Pipeline B — Embedding drift	Sentence-transformer embeddings (default 384-dimensional `sentence-transformers/all-MiniLM-L6-v2`); centroid velocity, similarity decay, intra-period variance, optional UMAP views, optional comparison to synthetic “AI baseline” text.

Optional tracks (extras and config):

Track	Role
Phase 9 — Token-level probability	Reference language model (default Hugging Face GPT-2) for perplexity-style signals; optional Binoculars-style contrast using Falcon-7B base vs instruct checkpoints (`uv sync --extra probability`).
Phase 10 — AI baseline generation	Local Ollama models (configurable) generate synthetic articles for controlled comparison (`uv sync --extra baseline`).

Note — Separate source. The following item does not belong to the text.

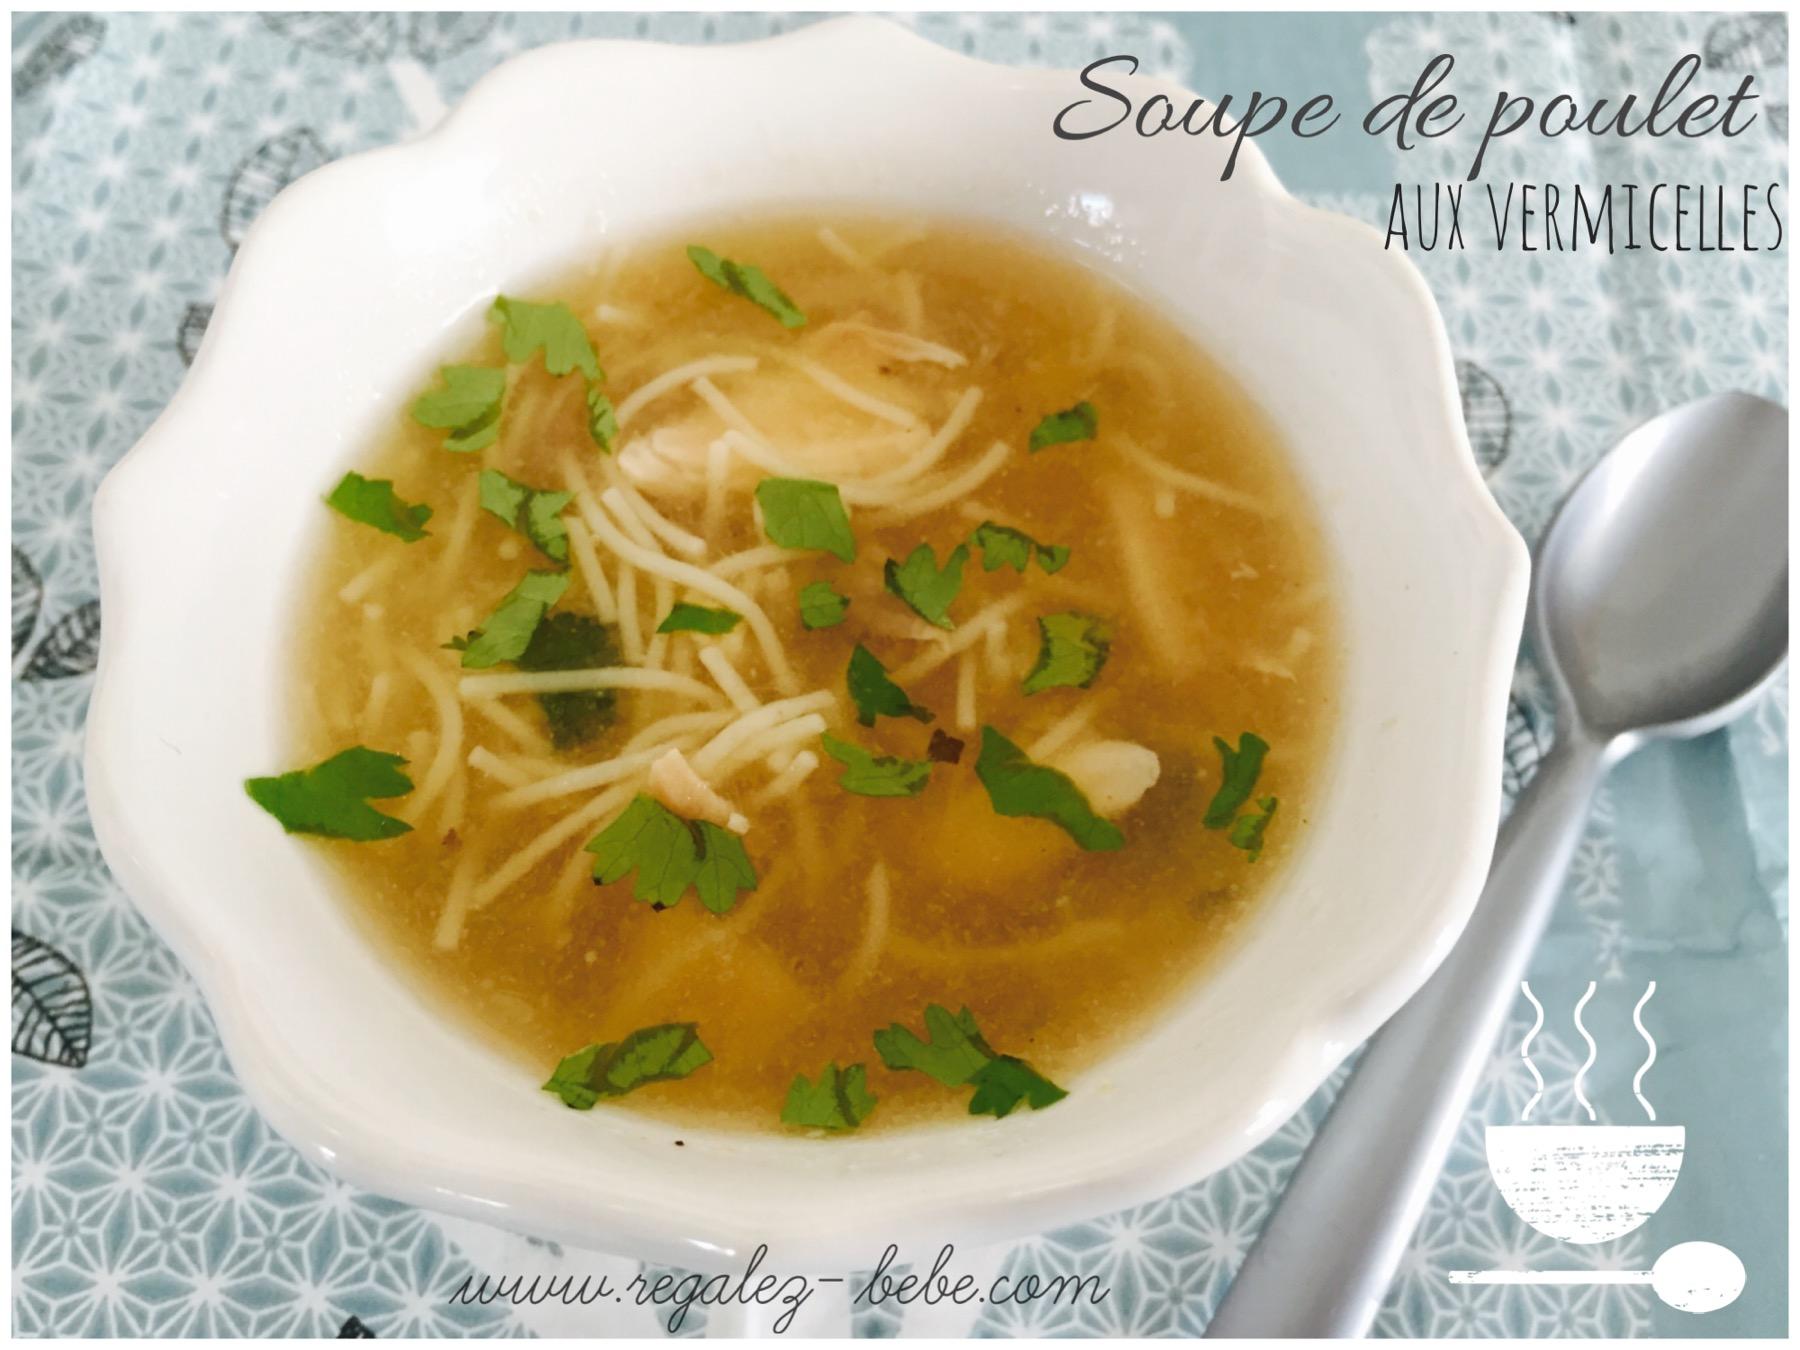 soupe de poulet aux vermicelles une recette de r 233 galez b 233 b 233

Outputs include SQLite + Parquet + DuckDB-friendly artifacts, JSONL exports, analysis JSON under data/analysis/, optional probability and baseline trees under data/probability/ and data/ai_baseline/, and Quarto-driven reports under data/reports/.

flowchart LR
  S[Scrape] --> X[Extract]
  X --> N[Analyze]
  N --> P[Report]
  S -. optional .-> P9[Phase 9 probability]
  X -. optional .-> P9
  N -. optional .-> P10[Phase 10 AI baseline]

Models, measurements, and algorithms

Settings below default from config.toml and src/forensics/config/settings.py; override with FORENSICS_ environment variables. Nested analysis knobs use one __ segment per model level (for example FORENSICS_ANALYSIS__HYPOTHESIS__SIGNIFICANCE_THRESHOLD or FORENSICS_ANALYSIS__CONVERGENCE__CONVERGENCE_USE_PERMUTATION). See ADR-016 in docs/adr/016-analysis-config-nesting.md.

NLP and embeddings

Component	Default	Purpose
spaCy	`en_core_web_md` (TOML: `spacy_model`)	Tokenization, linguistic features, and preflight validation. Default pipeline ships as a wheel in `pyproject.toml`; `uv sync` installs it (use `spacy download` only if you change `spacy_model`).
Sentence Transformers	`sentence-transformers/all-MiniLM-L6-v2` (`[analysis] embedding_model`)	Dense 384-d article embeddings for drift, similarity decay, and monthly centroids. `embedding_model_version` is recorded for provenance.
scikit-learn	LDA, TF–IDF, etc.	Topic diversity, self-similarity, and related content features (see `src/forensics/features/`).

Stylometry and readability (per article)

Implemented feature families (see Feature families in docs/ARCHITECTURE.md):

Lexical — type–token ratio (TTR), MATTR, hapax rates, Yule’s K, Simpson’s D, stylometric “AI marker” and function-word style signals.
Structural — sentence length statistics, passive voice ratio, punctuation profile, parse-depth style measures via spaCy.
Content — n-gram entropy, rolling LDA topic diversity, formulaic / hedging-style scores.
Productivity — inter-article gaps, rolling counts, burst-style signals over the timeline.

textstat contributes readability-style scalar signals where used in the feature pipeline.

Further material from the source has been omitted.